Правительство наблюдало в свою очередь. Оно наблюдало, держа руку на эфесе шпаги. На площади Людовика XV можно было заметить в боевой готовности, с полными патронташами, с заряженными ружьями и мушкетонами, четыре эскадрона карабинеров на конях, с трубачами во главе; в Латинском квартале и в Ботаническом саду – муниципальную гвардию, построенную эшелонами от улицы к улице; на Винном рынке – эскадрон драгун; на Гревской площади – половину 12-го полка легкой кавалерии, другую половину – на площади Бастилии; 6-й драгунский – у Целестинцев; двор Лувра запрудила артиллерия. Остальные войска, не считая полков парижских окрестностей, стояли в казармах, ожидая приказа. Встревоженные власти держали наготове, чтобы обрушить их на грозные толпы, двадцать четыре тысячи солдат в городе и тридцать тысяч в пригороде.

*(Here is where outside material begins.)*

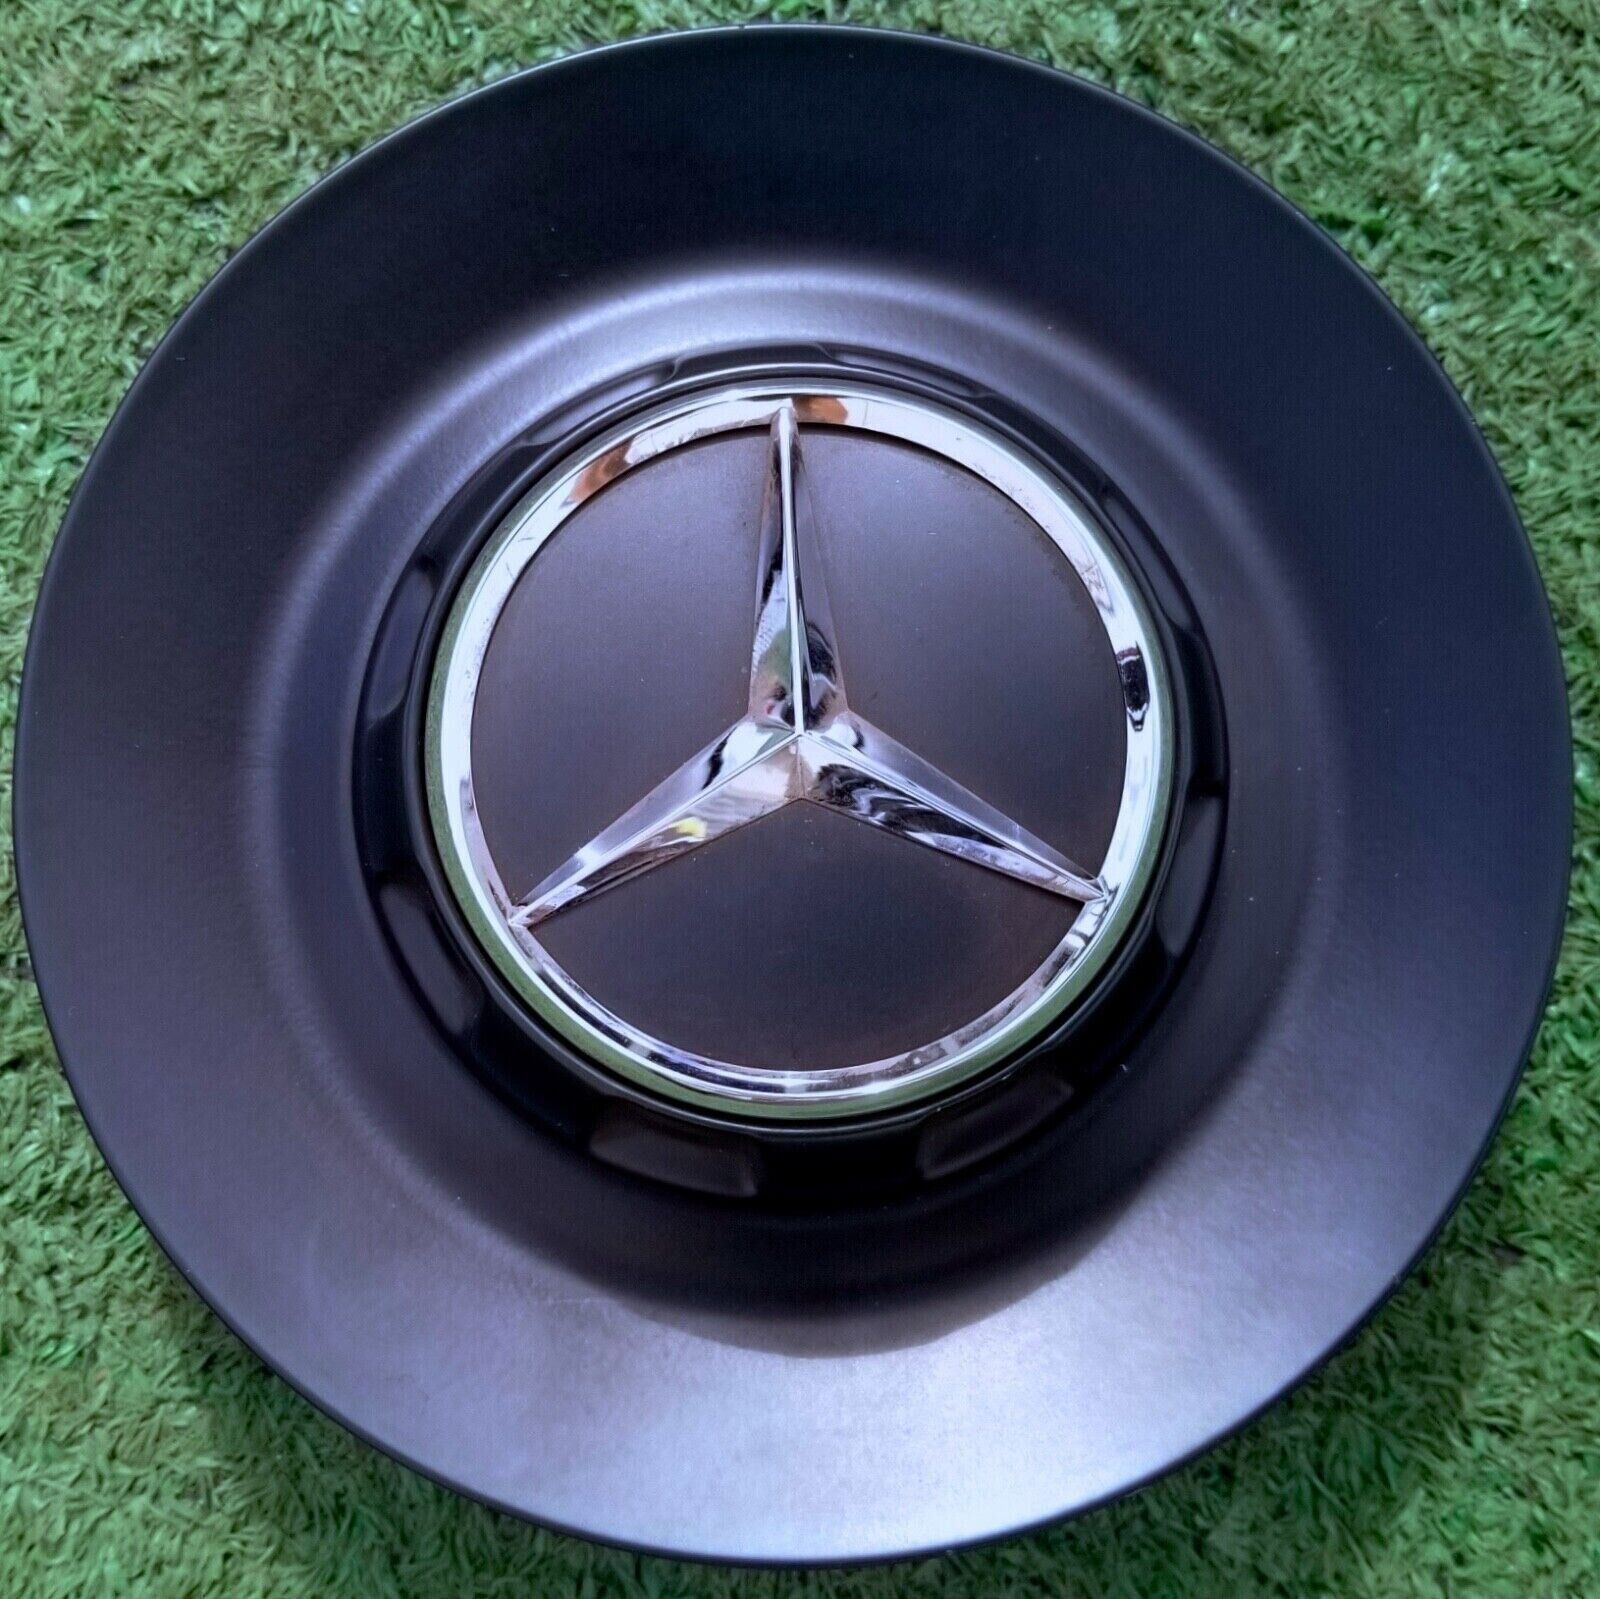 Factory Mercedes Benz Black Center Cap Forged Wheels OEM C63 S65 00040011009283

В процессии передавались всевозможные слухи. Говорили о происках легитимистов; говорили о герцоге Рейхштадтском, которого бог приговорил к смерти в ту самую минуту, когда толпа прочила его в императоры. Некто, оставшийся неизвестным, объявил, что в назначенный час два завербованных мастера откроют народу ворота оружейного завода. На лицах большинства людей, шедших с обнаженной головой, преобладало выражение восторженности и одновременно подавленности. Там и сям среди этого множества народа, находившегося во власти столь неистовых, но благородных чувств, виднелись также физиономии настоящих злодеев, виднелись гнусные рты, словно кричавшие: «Пограбим!» Существуют такого рода волнения, которые словно взбалтывают глубину болот, и тогда со дна поднимается на поверхность туча грязи. Явление это возникает не без участия «хорошо организованной» полиции.
Шествие двигалось с какой-то лихорадочной медлительностью вдоль бульваров, от дома умершего до самой Бастилии. Время от времени накрапывал дождь, но толпа не замечала его. Несколько происшествий – гроб, обнесенный вокруг Вандомской колонны, камни, брошенные в замеченного на балконе герцога Фицжама, который не обнажил головы при виде шествия, галльский петух, сорванный с одного народного знамени и втоптанный в грязь, полицейский, раненный ударом сабли у ворот Сен-Мартен, офицер 12-го легкого кавалерийского полка, громко провозгласивший: «Я республиканец», Политехническая школа, неожиданно вырвавшаяся из своего вынужденного заточения и появившаяся здесь, крики: «Да здравствует Политехническая школа! Да здравствует Республика!» – отметили путь процессии. У Бастилии длинные ряды любопытных устрашающего вида, спустившись из Сент-Антуанского предместья, присоединились к похоронному кортежу, и какое-то грозное волнение всколыхнуло толпу.